Found
Kathie Giorgio
Madeline set her cell phone on her desk. Years ago, when her first breast cancer diagnosis came over the phone, she’d dropped the receiver and the cord caught it before it hit the floor. It dangled there, strung up like an animal in a rope trap, and her doctor’s disembodied voice called out, “Maddie? Are you there? Maddie? Did you hear me?”
She did. A month later, she had what was called a partial mastectomy, and she lost an ice cream scoop-sized portion of her right breast.
The next time the bad news came, Madeline was on a cordless phone. She slammed it into the cradle, and then, for good measure, she picked it up again and threw it against a wall. There was no cord to rescue it and it fell to the floor, its battery case cracking open and batteries rolling across the floor like severed organs.
Like her breasts. She lost the rest of her right and all of her left that time, and many of her lymph nodes as well.
And now, the cell phone.
Her doctor said the cancer spread to Madeline’s bones. Breast cancer in her bones. She talked about treatment options. More surgery. Radiation. Chemo, lots of chemo. And then she said, “I’m so, so sorry, Maddie.”

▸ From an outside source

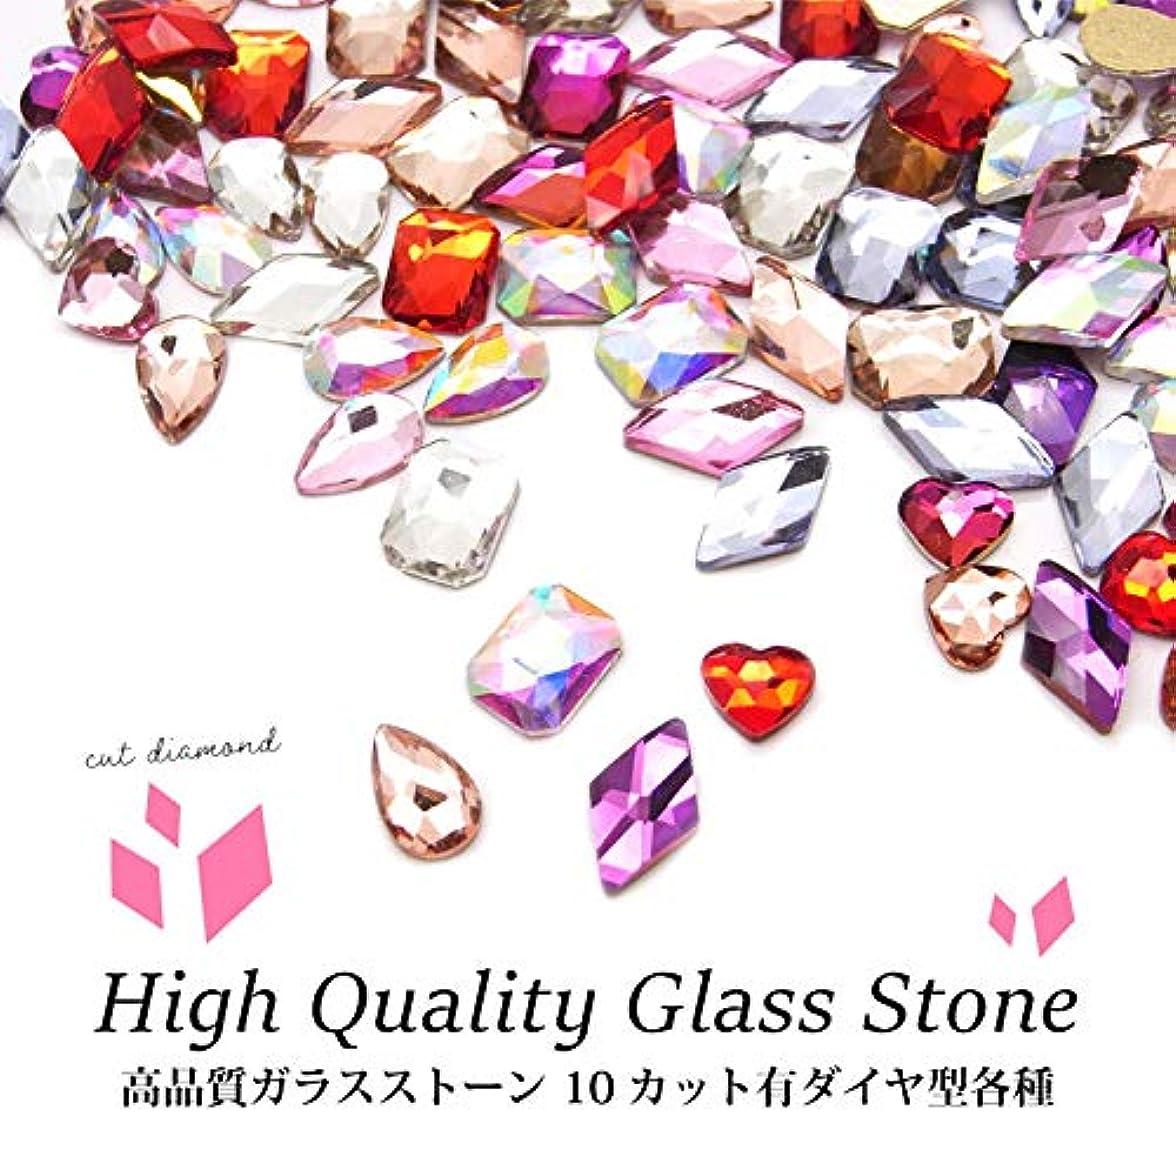 冷笑する書道余剰高品質ガラスストーン 10 カット有ダイヤ型 各種 5個入り (5.ライトサファイア)

Madeline didn’t answer, but she hit the red circle on her phone’s screen. It was remarkably unsatisfactory. She thought about throwing the phone like she had the last one, but this was an expensive device and financial respect caused her to set it gently down.
How in the world did breast cancer get into bones? It belonged in breasts. She didn’t have breasts anymore. She hadn’t had them in years. So how could it be in her bones?
Her doctor said that a single cancer cell could have drifted during the double mastectomy or even the first partial mastectomy, wandered down her body, and settled at the base of her spine. And then sat there, dormant, sleeping, all this time. All this time that she felt good. That she felt she was cured. That she thought cancer was gone out of her life forever and she’d never again see a surgeon smiling at her before she was put under, she’d never again lie strapped and still under the radiation machine as everyone else ran from the room to avoid what was being done to her, she’d never again be hitched up to IVs and watch as poison flowed into her veins through a special port that stayed in her chest for months and flooded her body and nobody stopped it. That’s what she thought.
But the cancer was sleeping. Peacefully tucked way down deep at the base of her spine. She carried it with her all these years. Her doctor said it woke up and it began to run, producing more cells behind it like the dust behind sneakers pounding on a gravel road.
Madeline thought she just had a backache. Arthritis, maybe. Caused by her getting older, which she was able to do because she’d beaten breast cancer. Twice.
What was that phrase? That cliché? Third time’s the charm.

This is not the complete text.